Once you sign in on the fake page, your login details will be captured and sent to an external server hosted by the scammer.What makes this scam sophisticated is that it doesn’t leave you with a feeling that something is wrong. It’s a smooth operator, after clicking the sign-in button, you will be redirected to the Google Docs document that was promised in the email.
Google Drive Login Phishing Page That Looks Real
So How Do You Protect Yourself?
We said one of the rules for identifying a fake phishing page is checking the domain name.However, what if you are hit by a scam that makes use of an authentic domain or URL as demonstrated by the scam above? Anyone can be a victim of this scam, and above all, you will be a victim without knowing it. Here are ways to protect yourself from this scam:
Gmail User Almost Lost $99 to Google Called You Scam
One of the scams reported by Gmail users is when a scammer claiming to be a Google representative calls you to send your credit card or payment in order to fix your account issues. After getting hold of your number (from the internet or telephone directory), they will call you, telling you that your Gmail account has been hacked or compromised.
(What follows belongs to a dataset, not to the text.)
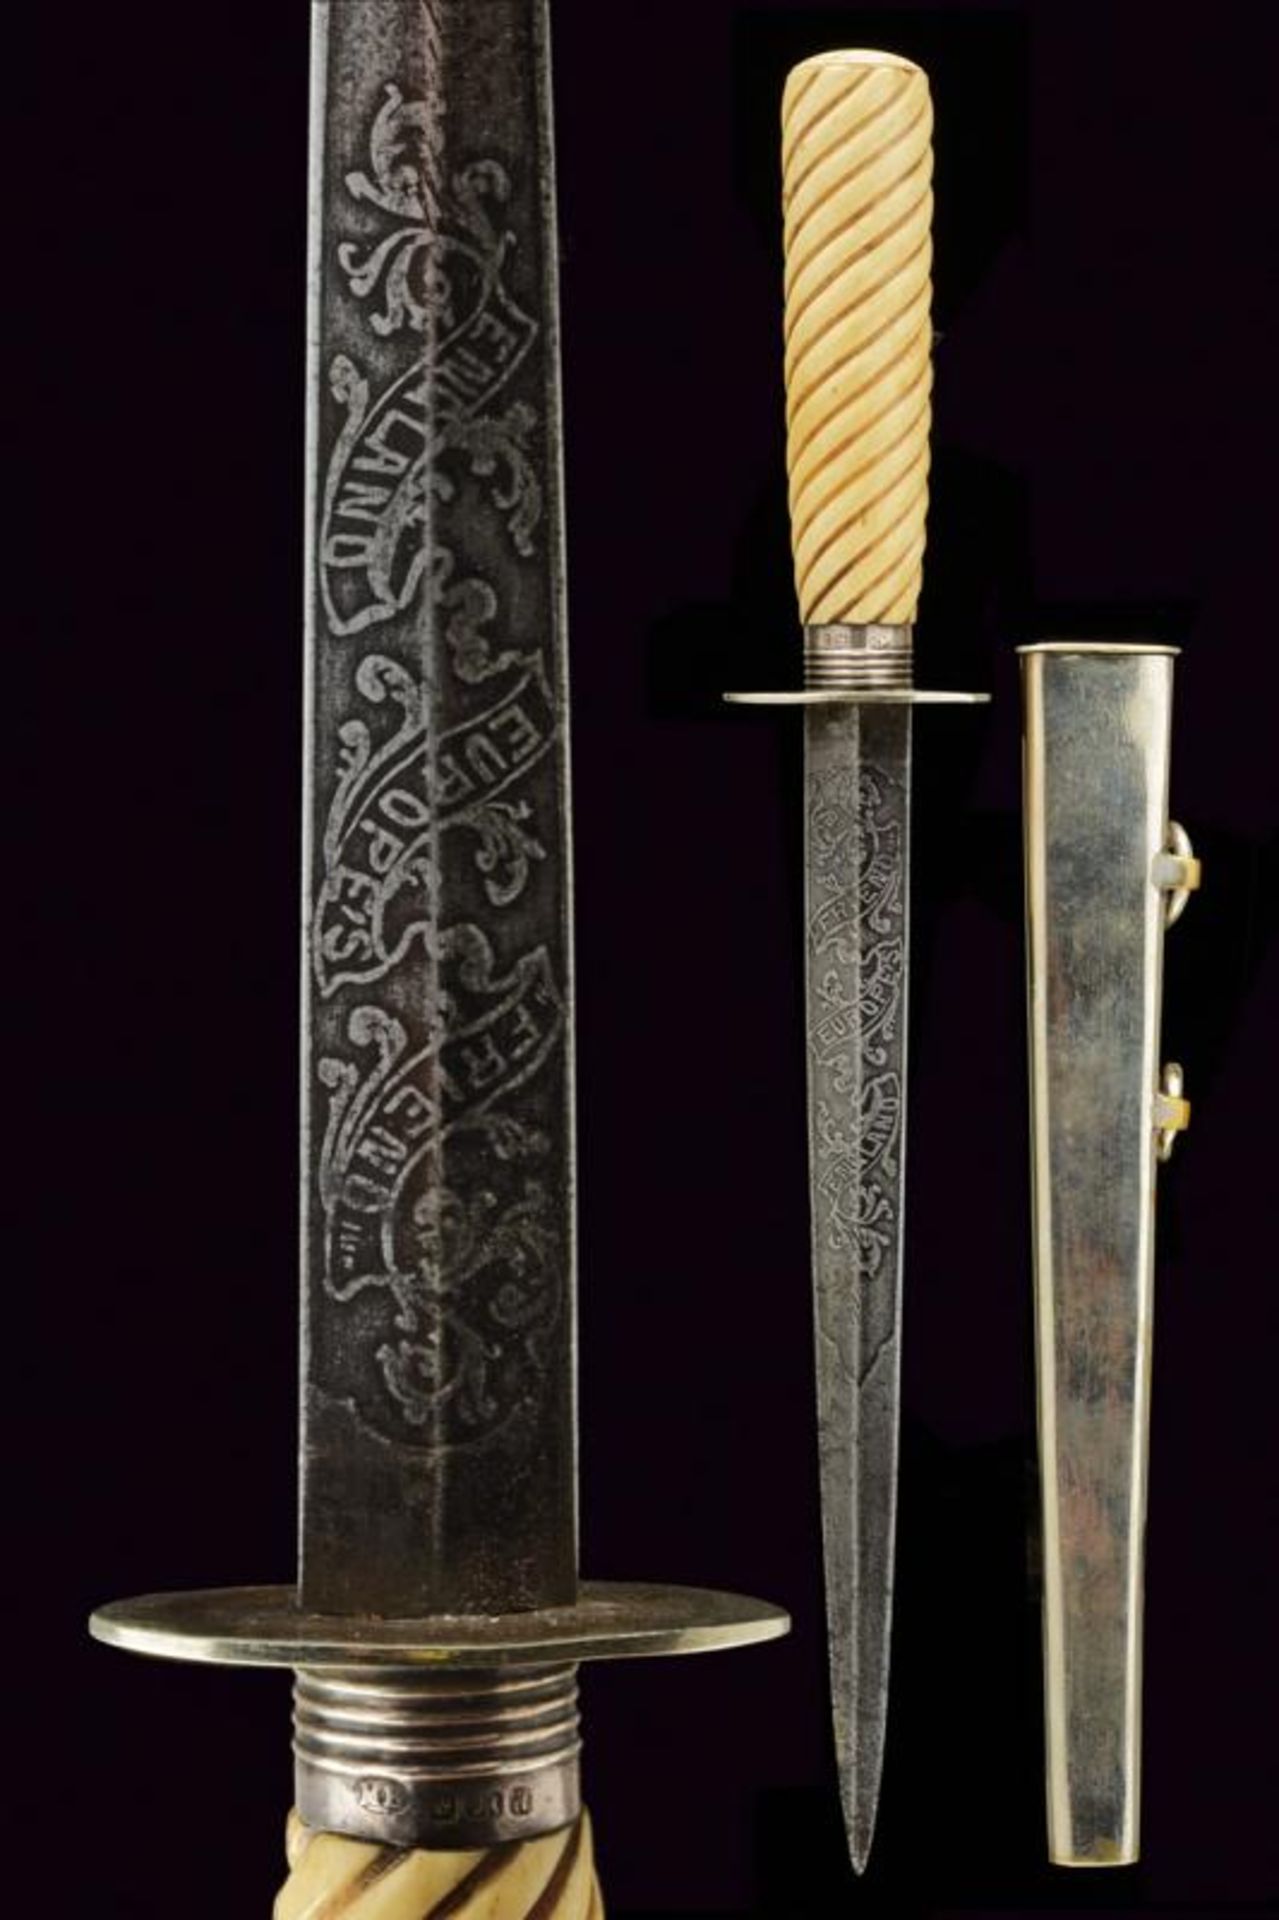 A commemorative dagger

Of course this is a lie. They will tell you to send money or submit your credit card in order to fix the problem. Apparently, this is a scare-marketing tactic, a trick to steal your money or credit card information. As one man in Huntsville, Alabama found out, he became a target of this scam but fortunately he was not the gullible type to fall for this trick.
A man claiming to be a Google representative called James Hilliard, and told him that his Google account was compromised and somebody was sending X-rated spam from the account. In order to fix the problem as soon as possible, and after being referred to several anonymous contacts, he was told to send $99 to a company called Ask Mask LLC in Georgia.
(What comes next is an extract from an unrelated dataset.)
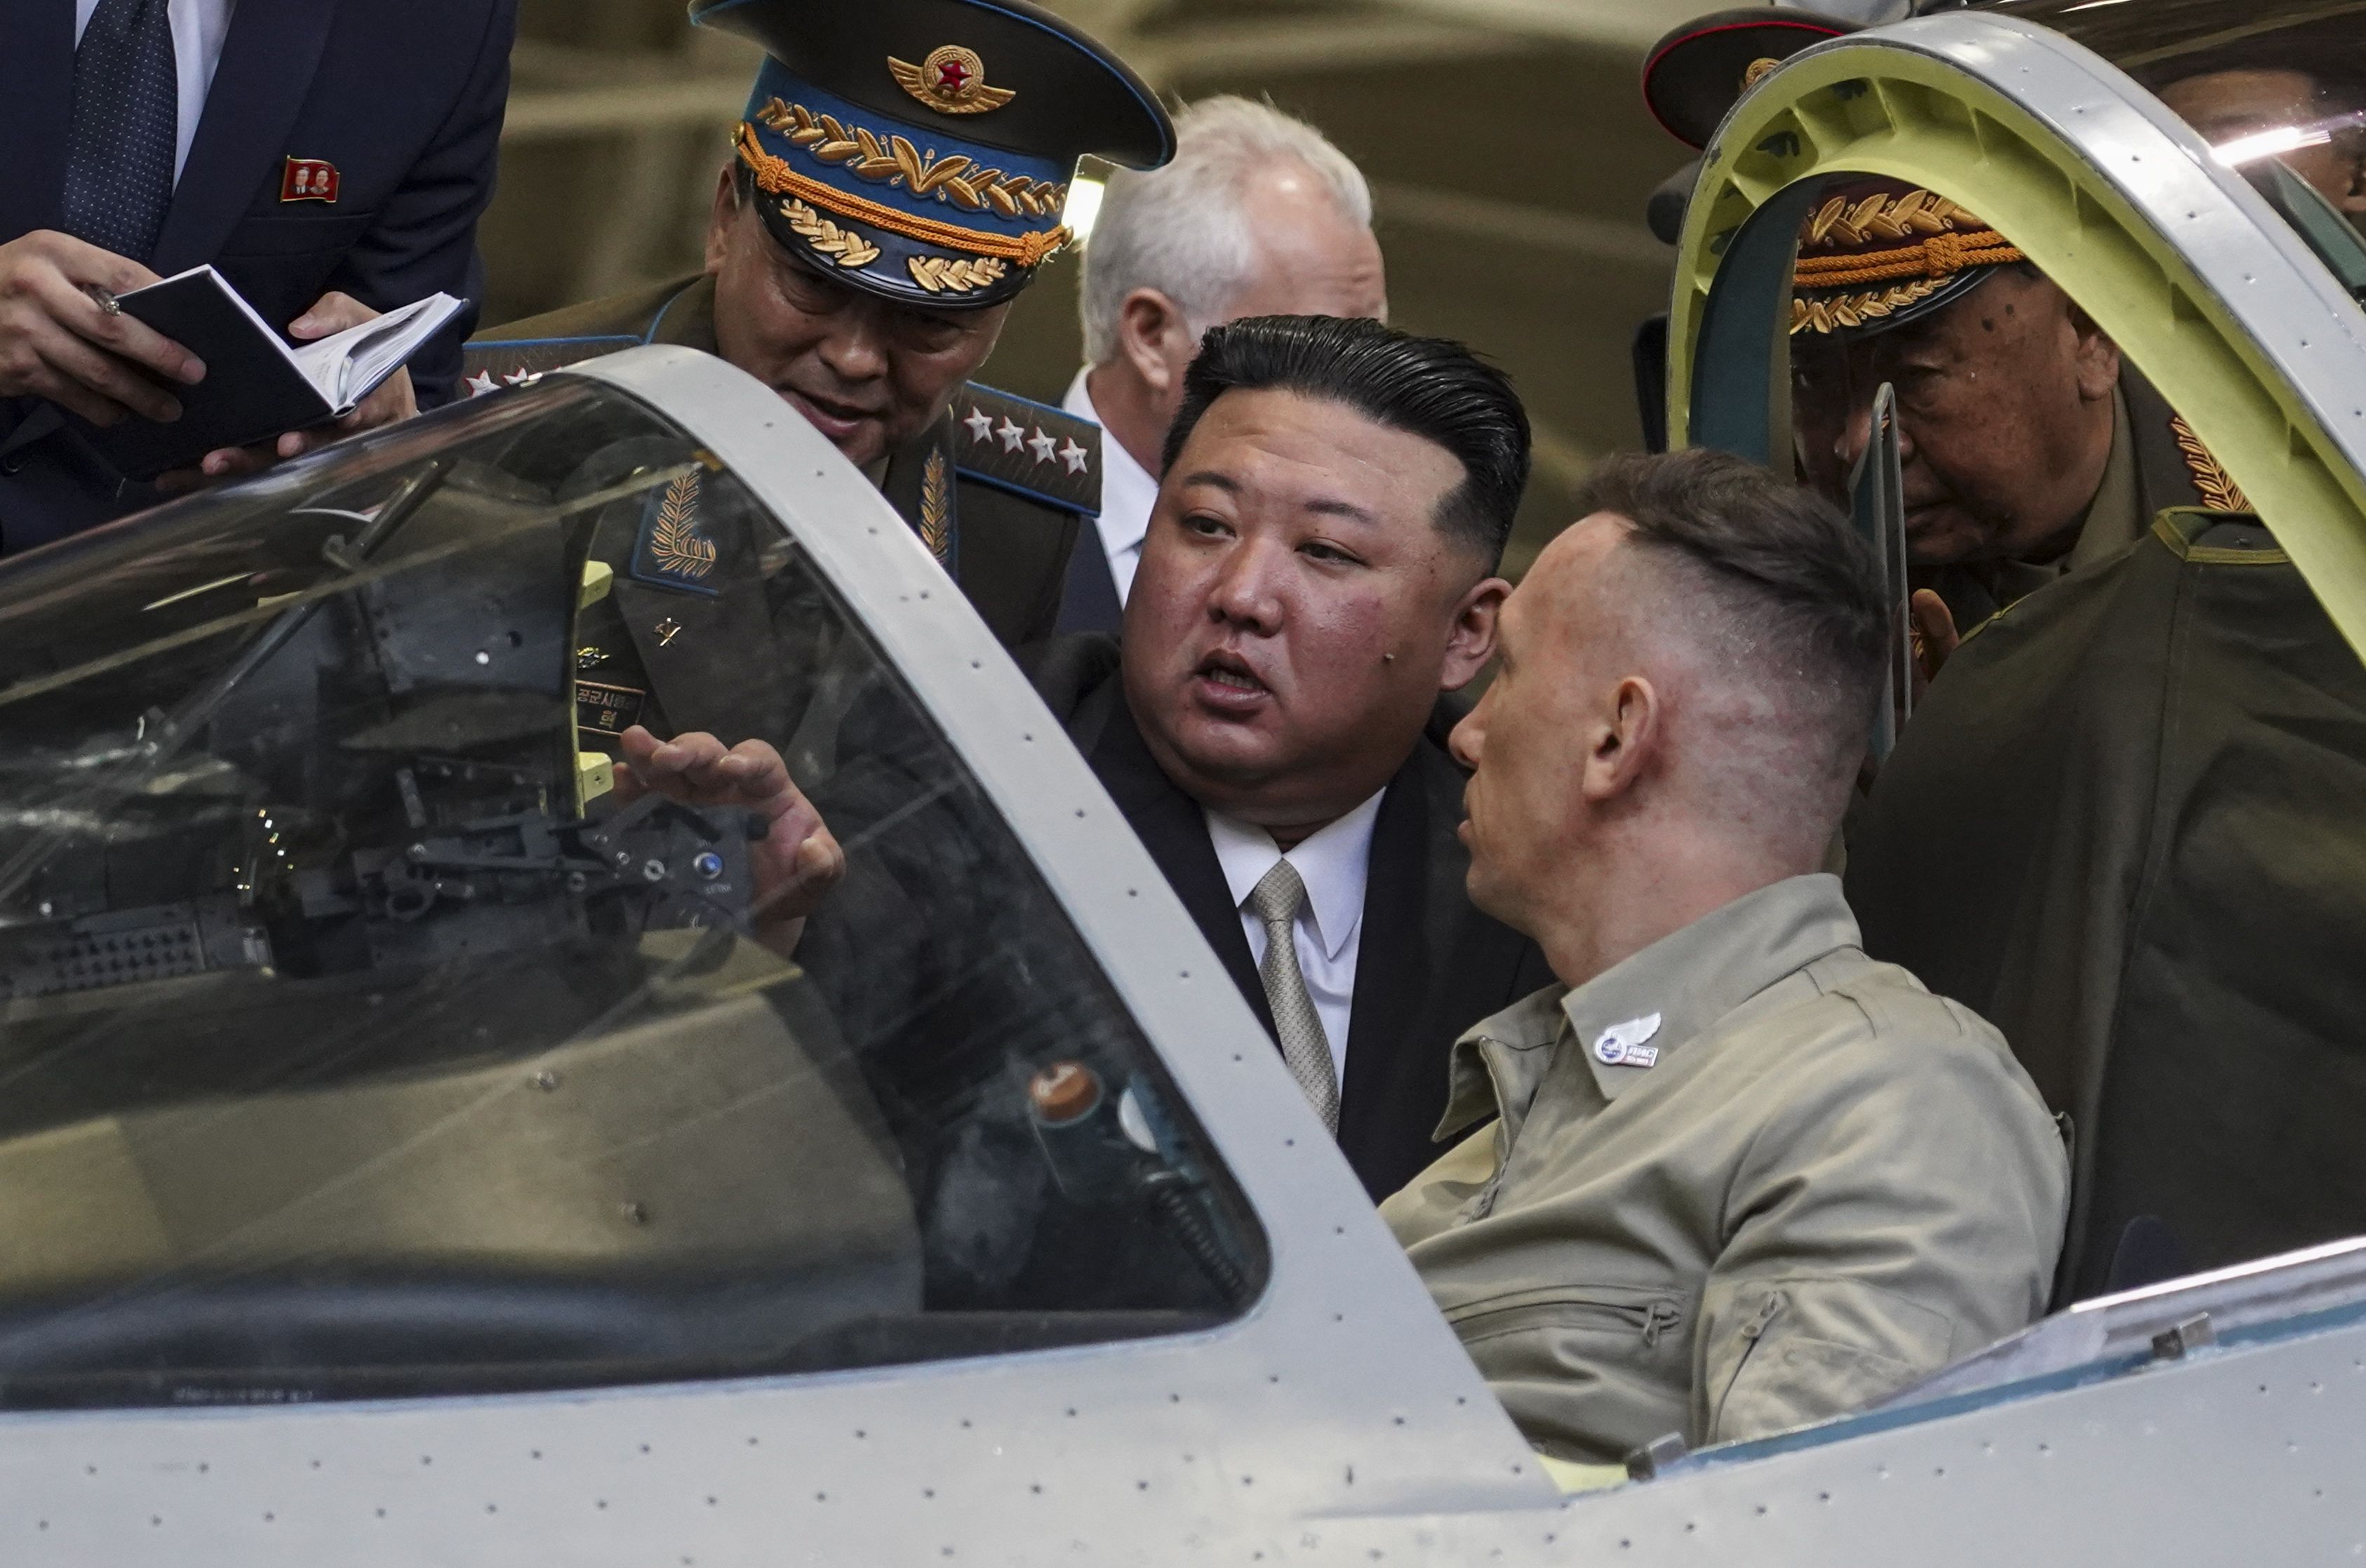 Una fotografía proporcionada por el servicio de prensa del Gobierno de la región de Khabarovsk muestra al líder norcoreano Kim Jong Un (centro) visitando una planta de aviones rusa que fabrica aviones de combate en Komsomolsk-on-Amur, a unos 6.300 kilómetros al este de Moscú, Rusia. EFE/EPA/GOVERNMENT OF KHABAROVSK

James Hilliard refused to give out his credit card information or pay, his instincts had already detected something fishy about the callers. Source >> WHNT News 19
If you are a Gmail user, you should know that Google will never call anybody informing them about their account. Gmail has millions of users, and certainly Google doesn’t have the resources to call each and every owner of a Gmail account. It’s not written in their policy, they will never call anybody. The only occasion when you speak to a Google representative on the phone is when you initiate a phone call, enquiring about your advertising campaign.
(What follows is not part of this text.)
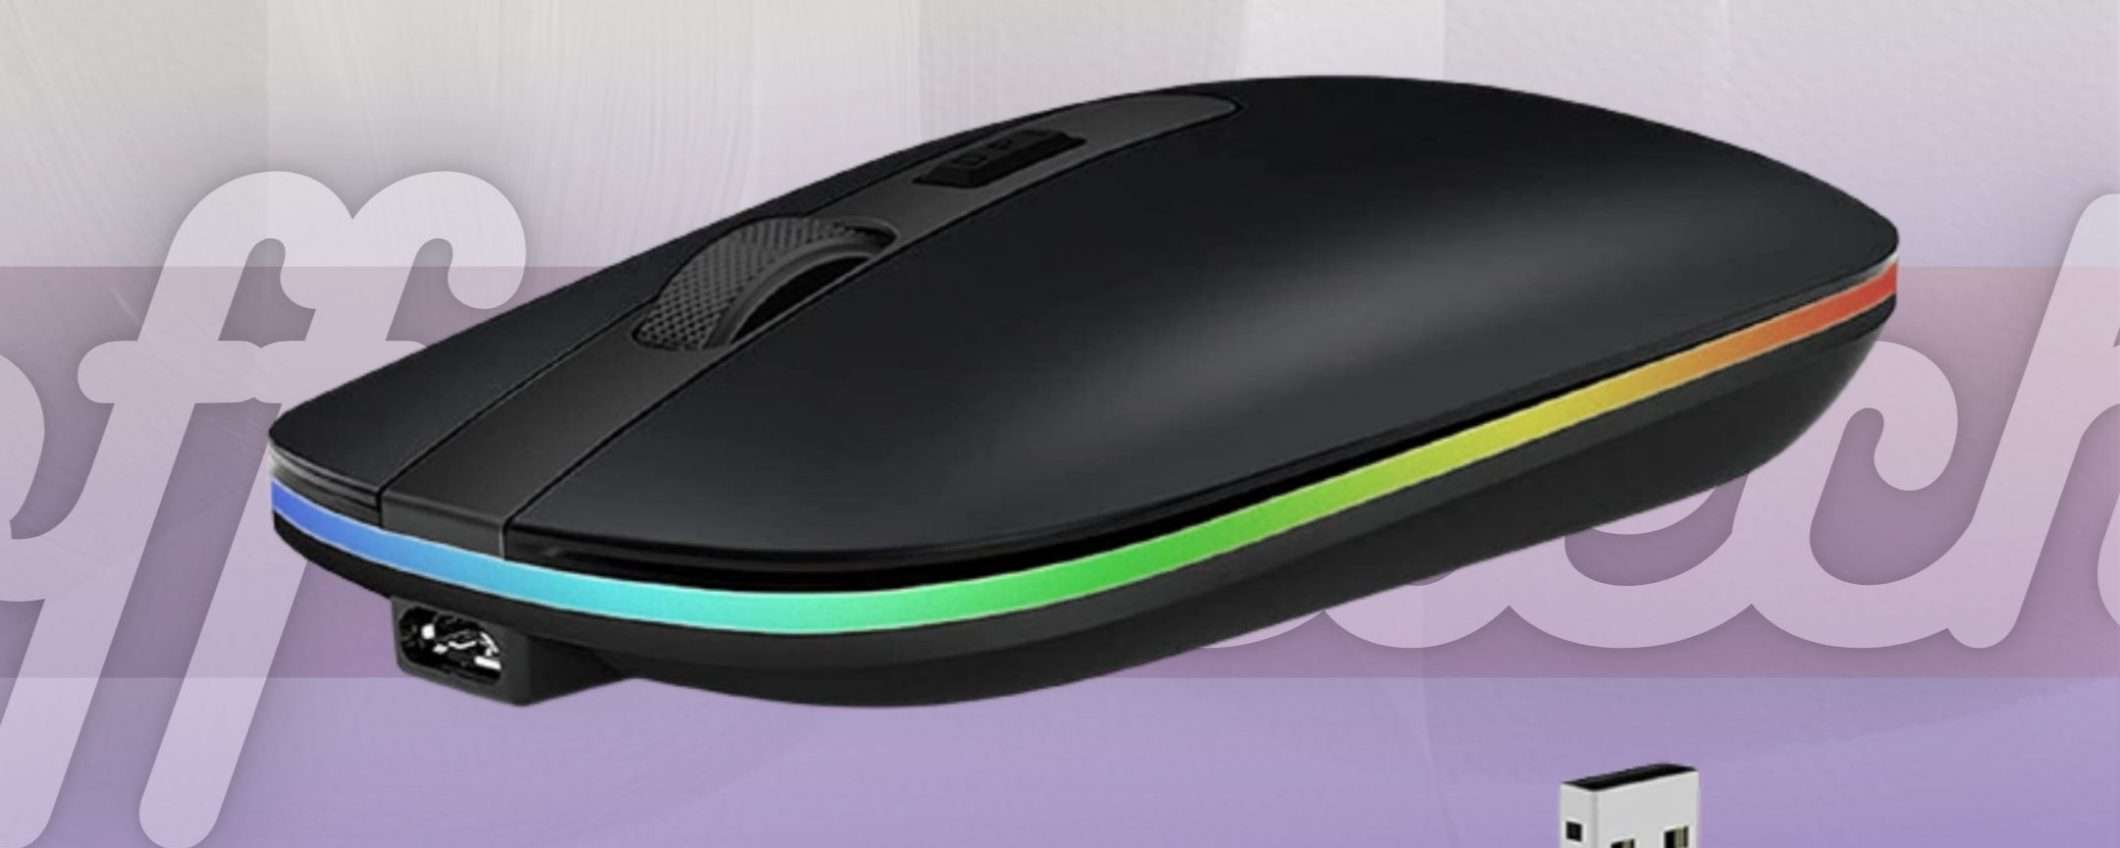 Mouse wireless BOMBA: è anche ricaricabile e costa 11€

So Who Are The Google Scam Callers?
If you receive a phone call from somebody claiming to be a Google employee, then it’s definitely an illegitimate organization or company. Shady Telemarketers in the USA are well known for using brand names like Google to entice potential customers. They will entice you to buy a product or “solution” to solve your problem. For example, a telemarketer who sells Galaxy S4 Unlock codes might call you and claim to be an AT&T employee, he or she will tell you that your SIM Card is blocked and you need to send money to unlock the SIM.
Scammers come with different approaches, a caller might tell you that you have won a Google sponsored award for “Best Gmail User of the Year” or that you were randomly selected to participate in a Lottery for Gmail users. The next thing is obvious, the caller may ask you to make a credit card deposit or submit your personal details.
If it’s too good to be true or unsolicited, then it’s probably a scam.